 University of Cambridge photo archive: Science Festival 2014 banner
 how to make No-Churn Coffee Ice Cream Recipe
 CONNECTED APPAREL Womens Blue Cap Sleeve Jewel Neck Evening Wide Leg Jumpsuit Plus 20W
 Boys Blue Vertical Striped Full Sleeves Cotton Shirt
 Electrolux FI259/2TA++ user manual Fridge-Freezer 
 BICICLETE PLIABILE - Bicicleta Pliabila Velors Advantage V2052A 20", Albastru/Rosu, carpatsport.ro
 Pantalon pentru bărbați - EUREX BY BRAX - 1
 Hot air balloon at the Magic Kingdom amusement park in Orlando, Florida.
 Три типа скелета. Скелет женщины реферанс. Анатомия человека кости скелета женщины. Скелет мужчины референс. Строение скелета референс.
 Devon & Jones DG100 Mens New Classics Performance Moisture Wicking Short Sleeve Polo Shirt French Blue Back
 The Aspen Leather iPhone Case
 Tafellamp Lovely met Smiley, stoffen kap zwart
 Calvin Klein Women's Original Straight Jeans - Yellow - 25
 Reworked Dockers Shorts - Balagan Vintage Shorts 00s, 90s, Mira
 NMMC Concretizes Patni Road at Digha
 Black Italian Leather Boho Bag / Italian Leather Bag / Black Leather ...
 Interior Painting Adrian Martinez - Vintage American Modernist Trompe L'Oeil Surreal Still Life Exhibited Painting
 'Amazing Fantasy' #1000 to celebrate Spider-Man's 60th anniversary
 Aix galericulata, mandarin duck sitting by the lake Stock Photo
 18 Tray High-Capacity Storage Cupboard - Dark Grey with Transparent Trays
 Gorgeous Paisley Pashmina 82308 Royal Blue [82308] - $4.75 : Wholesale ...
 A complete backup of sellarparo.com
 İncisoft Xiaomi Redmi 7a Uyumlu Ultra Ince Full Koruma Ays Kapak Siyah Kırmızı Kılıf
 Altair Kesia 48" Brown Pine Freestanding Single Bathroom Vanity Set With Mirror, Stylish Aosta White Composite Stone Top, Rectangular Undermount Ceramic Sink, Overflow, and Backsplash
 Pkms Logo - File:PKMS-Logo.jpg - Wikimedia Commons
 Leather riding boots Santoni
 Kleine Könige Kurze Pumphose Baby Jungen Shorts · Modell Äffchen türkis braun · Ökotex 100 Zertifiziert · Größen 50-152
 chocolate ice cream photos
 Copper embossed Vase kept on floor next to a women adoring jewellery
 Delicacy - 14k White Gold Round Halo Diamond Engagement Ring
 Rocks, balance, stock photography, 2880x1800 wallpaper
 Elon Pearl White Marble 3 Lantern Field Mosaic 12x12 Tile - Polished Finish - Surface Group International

YOUR INSTRUCTIONS
From the entries above, extract only the lines running from the one containing "Boys Blue Vertical" through the one containing "Calvin Klein Women's", inclusive.

SOLUTION FOR THIS PROBLEM
 Boys Blue Vertical Striped Full Sleeves Cotton Shirt
 Electrolux FI259/2TA++ user manual Fridge-Freezer 
 BICICLETE PLIABILE - Bicicleta Pliabila Velors Advantage V2052A 20", Albastru/Rosu, carpatsport.ro
 Pantalon pentru bărbați - EUREX BY BRAX - 1
 Hot air balloon at the Magic Kingdom amusement park in Orlando, Florida.
 Три типа скелета. Скелет женщины реферанс. Анатомия человека кости скелета женщины. Скелет мужчины референс. Строение скелета референс.
 Devon & Jones DG100 Mens New Classics Performance Moisture Wicking Short Sleeve Polo Shirt French Blue Back
 The Aspen Leather iPhone Case
 Tafellamp Lovely met Smiley, stoffen kap zwart
 Calvin Klein Women's Original Straight Jeans - Yellow - 25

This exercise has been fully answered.